For each gene sought, thereby specified in workflow.txt, gene_finder reports the following additional metrics: gene Returns gene name as defined in the FASTA reference header

mode Returns mode of analysis (e.g variant, mutant or regulator) as defined in the workflow.txt

detection Reports gene detection with three designations:

  • ‘D’ for detected when coverage is 100 % and nucelotide similarity is greater than similarity cutoff value defined for the gene in the ‘workflow.txt’ file.
  • ‘ND’ for not detected if similarity is below similarity cutoff value
  • ‘U’ for uncertain if similarity is greater than similarity cutoff value but coverage is below 100%

alteration Reported only for gene ‘labeled ‘variant’ in ‘workflow.txt’ and returns amino acid changes with corresponding positions, including replacement or absence of translational termination with ‘early_stop’ or ‘no_stop’ or ‘None’ if no variations are detected for all positions listed in ‘positions of interest’ of workflow.txt, return all variations if no positions of interest are defined or ‘ND’ if reference sequence have less than 100% coverage.

mutation Reported for gene labeled ‘mutant’ in ‘workflow.txt’ and returns amino acid changes with corresponding positions or ‘None’ if no variations are detected for all positions listed in ‘positions of interest’ of workflow.txt, return ‘ND’ if no positions of interest are defined or if reference sequence have less than 100% coverage or undetected.

modification Reported for gene labeled ‘regulator’ in ‘workflow.txt’ and returns nucleotide variations with corresponding positions or ‘None’ if no variations are detected for positions listed in workflow.txt, return ‘ND’ if no positions of interest are defined or ‘ND’ if reference sequence have less than 100% coverage or undetected.

description Returns gene description as defined in workflow.txt

report_type Returns ‘required’ or ‘conditional’ and reporting position as defined in workflow.txt

coverage Reports the proportion of the reference sequence covered by a minimum acceptable depth of reads (see option –c setting before running gene_finder)

similarity Reports percentage of nucleotide identities relative to the reference sequence

Depth Reports the average, minimum and maximum depth of reads detected across all nucleotide positions of the gene with values separated by colons Example value=30.59:15:55; reporting an average of 30.59, minimum of 15 and a maximum of 55 reads detected across the total mapped positions of the gene

coverage_distribution Reports sections of the reference sequence covered by a minimum acceptable depth of reads Example value=[‘1-50’, ‘100-953’]; reporting coverage with an acceptable read depth from position 1 to 50 and from 100 to 953. The absence of coverage between positions 50 and 100 could suggest a low coverage compared to the average depth, a high level of variability or deletion.

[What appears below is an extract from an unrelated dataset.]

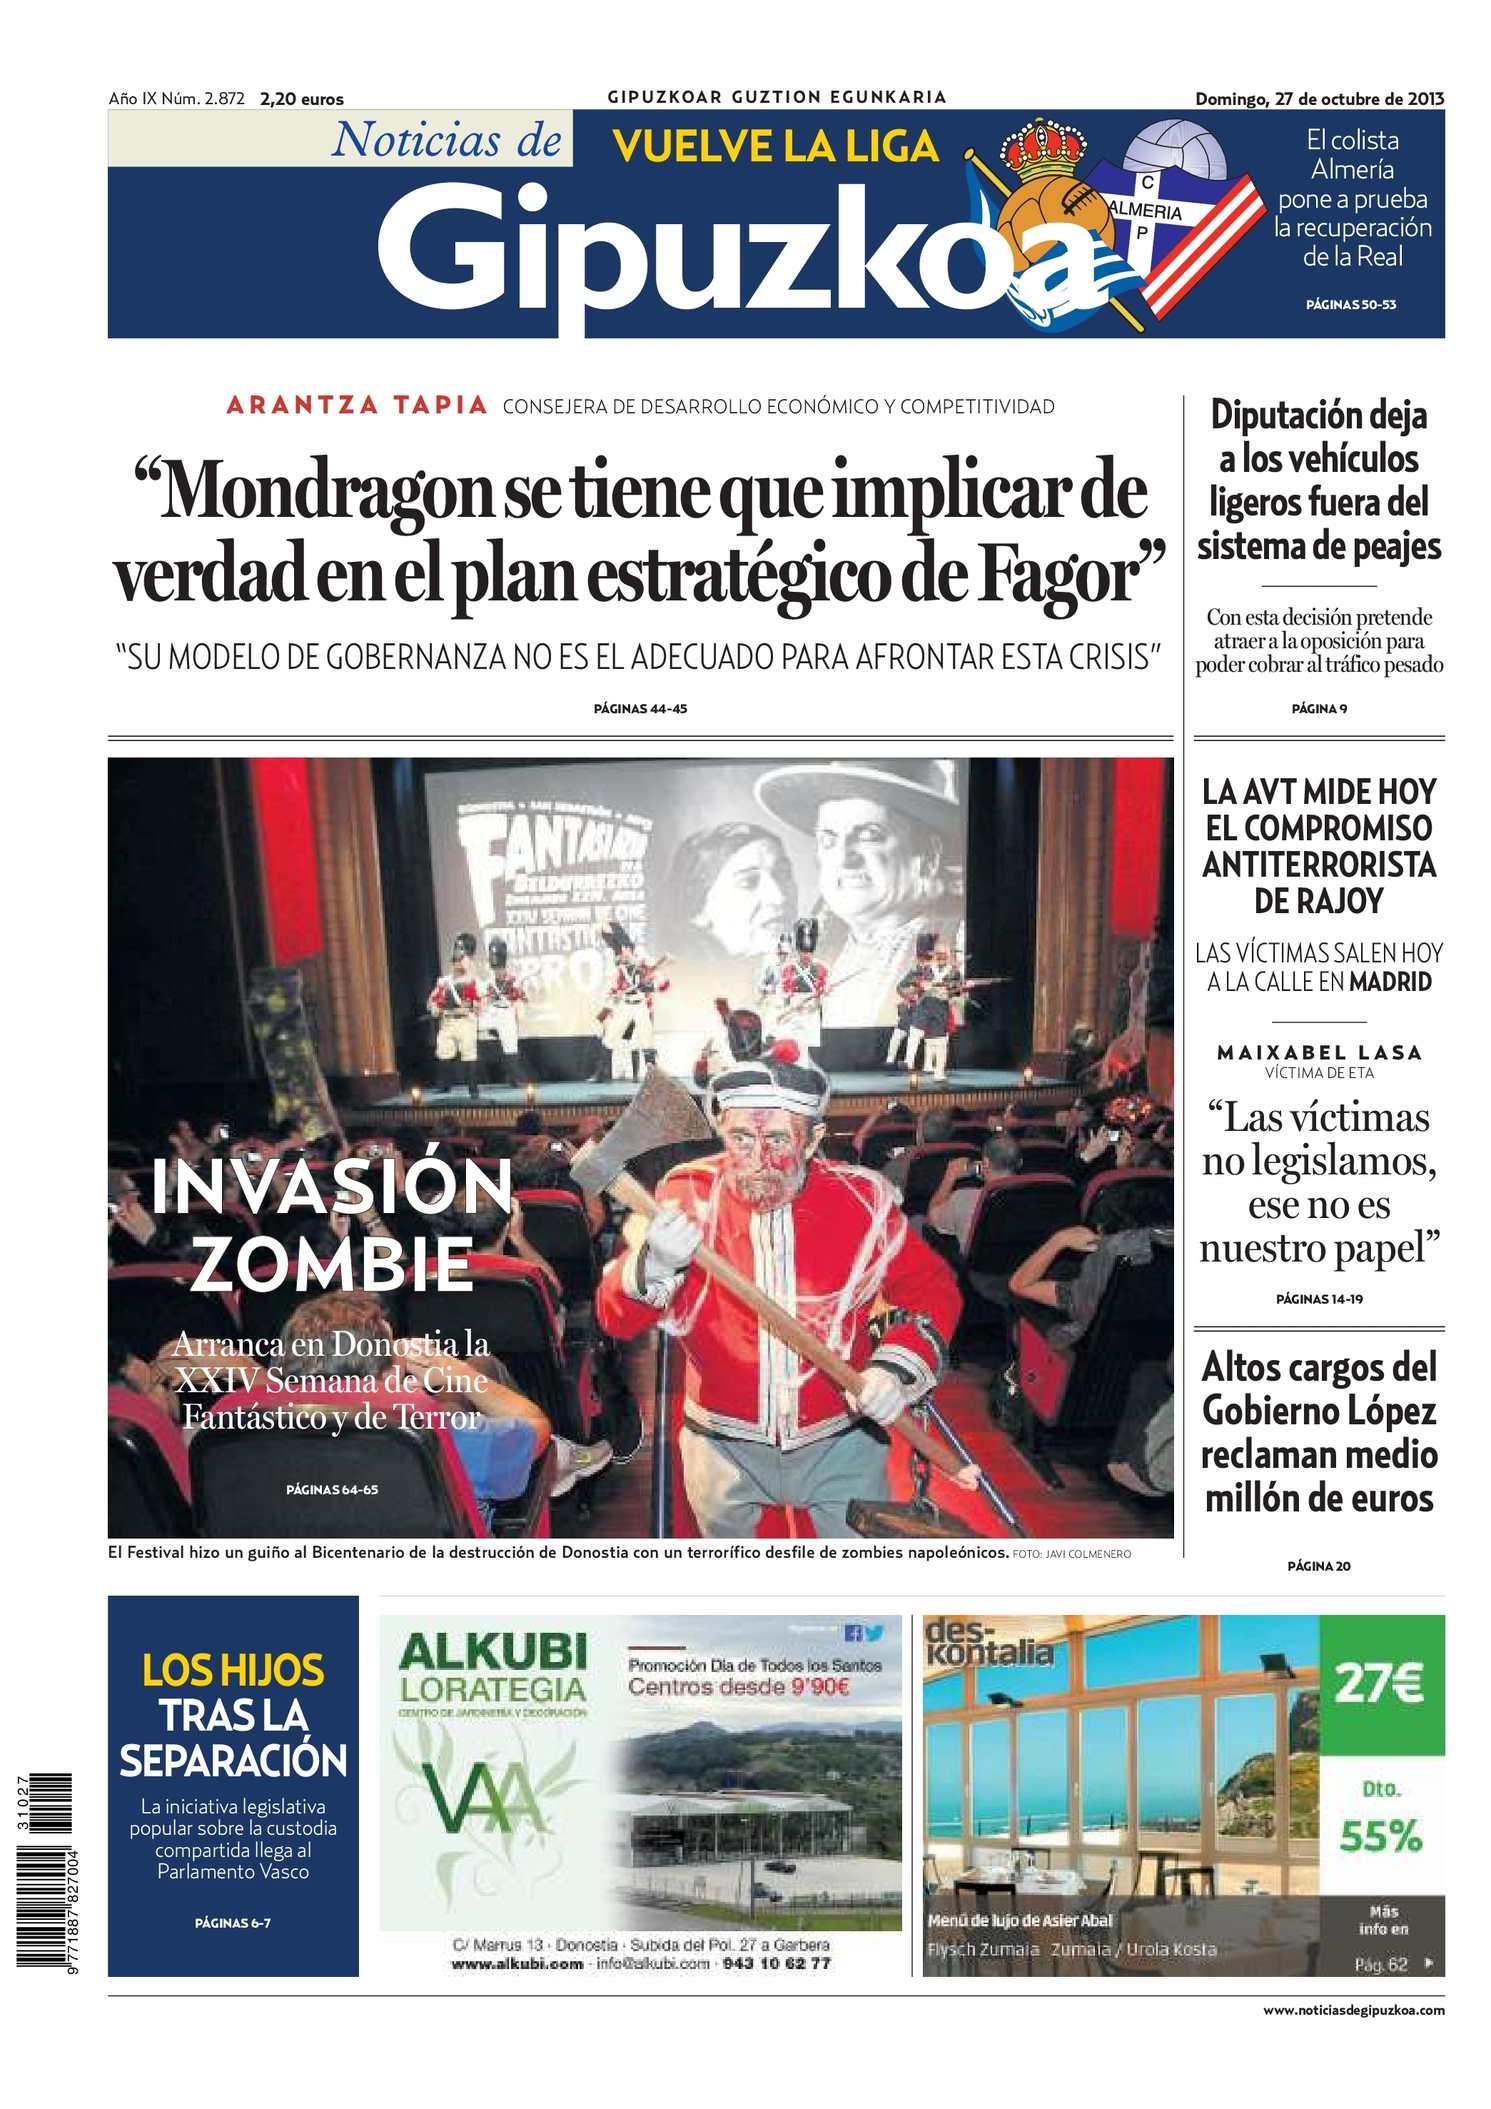 Calaméo - Noticias de Gipuzkoa 20131027 7a6cb0a16ae9

insertions Reports insertion types and their corresponding positions Example value=68:+3GGT; reporting an insertion of three nucleotides ‘GGT’ at reference sequence position 68

deletions Deletion types and corresponding positions Example value= 842:-1A Example reporting a deletion of one nucleotide ‘A’ at reference sequence position 842

mix Positions with mixed nucleotides, their natures and relative percentages Example value=="108:C-T-0.4-0.6” ; reporting mixture of C and T with a proportion of 40 and 60%, respectively amongst a total of 120 reads mapped at position 108.

large_indels Positions with potentials large-scale indels Example value="[(99, '19:88.89'), (100, '15:100.0')]”, reporting the proportion of reads starting or ending (88.89 and 100%) of the total number of reads (19 and 15) mapped at position 99 and 100 and thereby indicating the presence of a possible large insertion sequence between these two positions.

mismatch Positions with mismatches Example value=573:T-A;576:C-T;608:T-Y; reporting a substitution of T to A and C to T at reference sequence positions 573 and 576 whereas in position 608 the mix of C and T is reported using iupac code  

Reference Databases

Included in the refs direcotry are example workflows for E. coli, Salmonella and Campylobacter antimicrobial resistance detection.